Hola, no soy experto pero te responderé lo que sé.


alibration Certificate Supplied
*certificado de calibración*
Tension Calibration Standard
0.25% Interchangeability
Premium Temperature Compensation
*trae compensación por variación de temperatura*
Rod Ends and Load Buttons Available

SPECIFICATIONS
Model LCCD S Beam Load Cell
Excitation: 10 Vdc (15 Vdc maximum)
t*ensión de alimentación de 10 vdc, 15 vdc maximo (es la tensión que aplica el display o cabezal de pesaje)*
Output: 3.0 mV/V ±0.25%
S*alida de 3 mV/V osea si alimentas con 10 vdc tu salida maxima sera 3mV X 10 V= 30 mV.*
Linearity: 0.03% FS
l*inealidad de 0.03% de la maxima deflexión de escala, osea la linealidad se corre 0.03% del maximo peso que pesa la celda*
Hysteresis: 0.02% FS
*histerises, osea responde a variaciones de peso sobre 0.02% del maximo peso que pesa la celda*
Repeatability: 0.01% FS
*repetitibilidad, si pones y sacas varias veces un mismo peso te garantizan que va a repetir con una exactitud de 0.01% de el maximo peso que pesa la celda*
Zero Balance: 1% FS
Creep in 20 min: 0.03% FS
Operating Temperature: -18 to 66°C (0 to 150°F)
Compensated Temperature: -18 to 66°C (0 to 150°F)
Thermal Effects:
Zero: 0.0027% FS/°C
Span: 0.0015% rdg/°C
Maximum Load: Safe, 150%; ultimate, 300%
*sobrepeso de 150%.*
Bridge Resistance: 350 Ω nominal
*el puente tiene "mas o menos " 350 ohm entre sus terminales, osea tomas un ohmetro y mides entre los cables y debes tener alrededor de 350 ohm*
Construction: 17-4 PH stainless steel
Cable: 6 m (20') 4-conductor shielded 22-gage wire*
6 metros de ccordon de 4 cables de numero 22 AWG
*


----------



## transistor007 (Dic 4, 2008)

muy buena respuesta, pero que significa Creep in 20 min: 0.03% FS ? yo tyengo una celda similar de omega y no entiendo bien ese parametro, me hace pensar que en 20 min la celda se rompe (fractura) como ocurre en las pruebas de creep?

saludos


----------



## transistor007 (Dic 4, 2008)

osea que segun la explicacion del amigo snowboard

Salida de 3 mV/V osea si alimentas con 10 vdc tu salida maxima sera 3mV X 10 V= 30 mV.
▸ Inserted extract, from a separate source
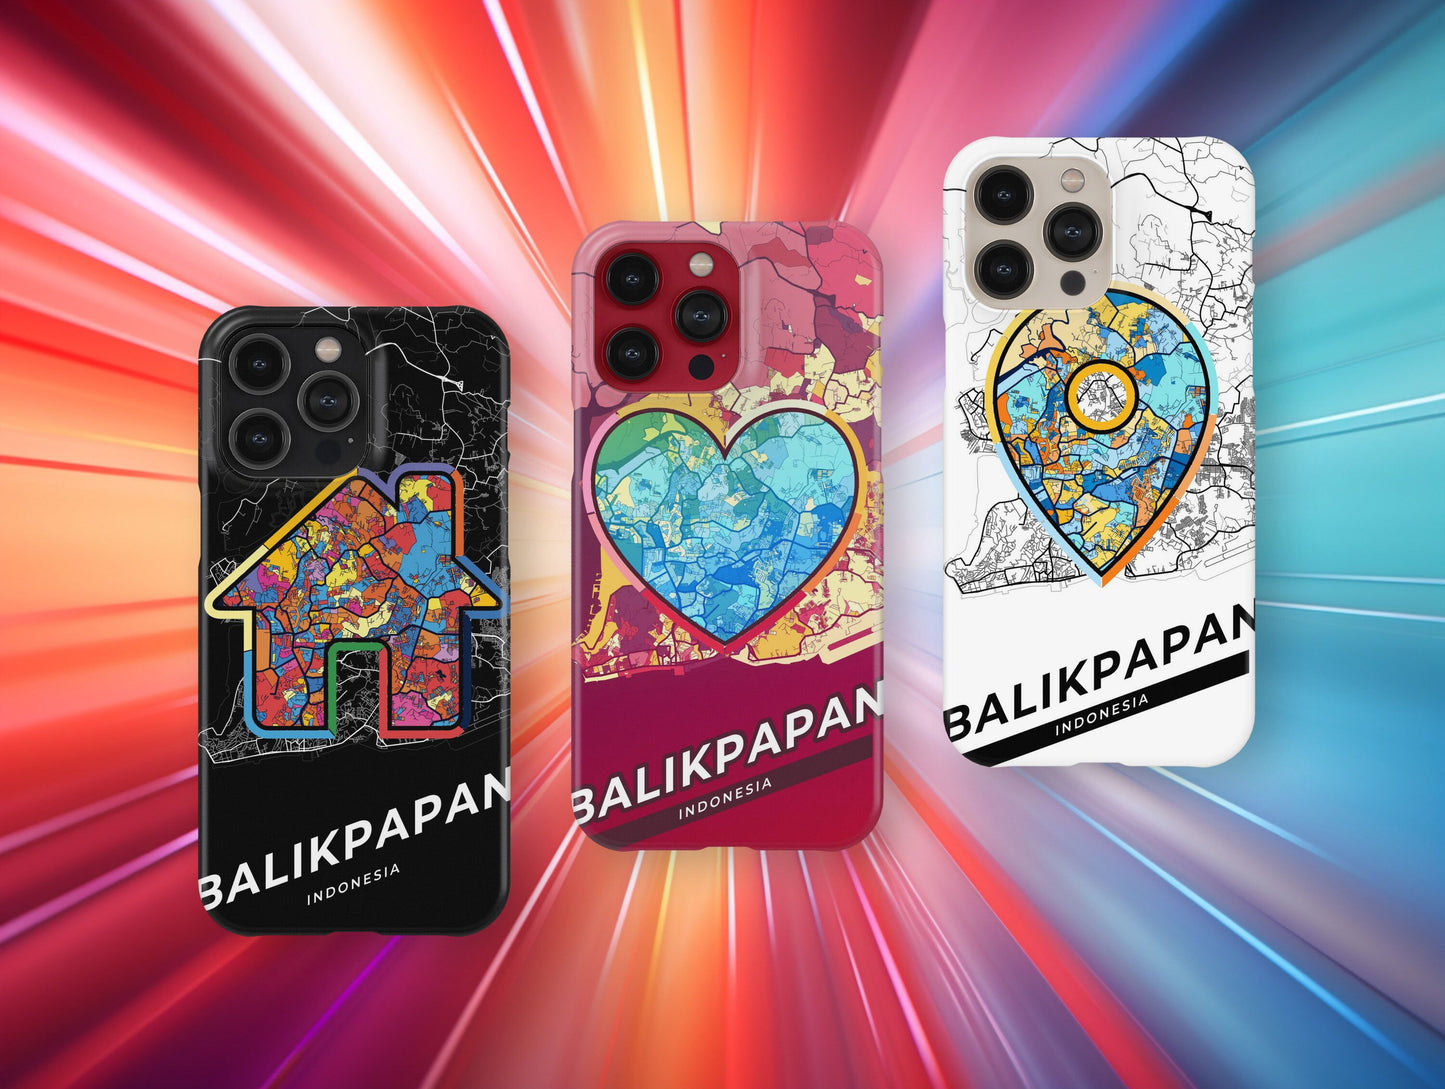 Balikpapan Indonesia slim phone case with colorful icon. Birthday, wedding or housewarming gift. Couple match cases.

los valores minimos de este modelo seran:
0lb= a 0mv

y con los valores maximos del mismo modelo seran:
750lb=30mv

es correcto lo anterior o como? es decir, de cuanto en cuento va midiendo cada lb? o cada mv?
buena confusion para aprender!

saludos


----------



## darea (Dic 4, 2008)

> muy buena respuesta, pero que significa Creep in 20 min: 0.03% FS ? yo tyengo una celda similar de omega y no entiendo bien ese parametro, me hace pensar que en 20 min la celda se rompe (fractura) como ocurre en las pruebas de creep?
> 
> saludos



El creep en una célula de carga, es la variación de la señal de salida de la misma tras haberla sometido un tiempo determinado a un peso constante y bajo las mismas condiciones ambientales. 

En tu célula, sólo hay una variación del 0.03% en el fondo de escala (capacidad máxima de la célula) tras 20 minutos de haber aplicado el peso.


----------



## transistor007 (Dic 4, 2008)

excelente darea muchas gracias por responder, ya estoy haciendo un circuito que me adquiera estso datos analogicos que me va a adar la celula de carga. pero por el momento me retrace con la relacion de mv contra lb que cito anteriormente, pues  no entiendo los incrementos y las relaciones de estos!


saludos


----------



## metalfox6383 (Oct 12, 2010)

Hola:

Quisiera agregar una pregunta:

El Output = 3mV/V es la salida máxima que tengo de la celda cuando se le ha colocado el peso máximo?? Si la celda fuera de 20Kg, obtendría los 30mV al haber colocado los 20Kg encima?

Gracias.


----------



## jol45 (Oct 14, 2010)

Hola.

     El output = NmV/V  Significa que a carga maxima estipulada en las especificacion,  entregara una señal de N mV por cada volt de exitacion. Naturalmente sin pasar el maximo de las especificacfiones
    La espscificacion  *maxinun load* *No aparece *en las caracteristicas mostradas y es indispensable para cualquier calculo de trabajo tanto electrico como mecanico.

Saludos


----------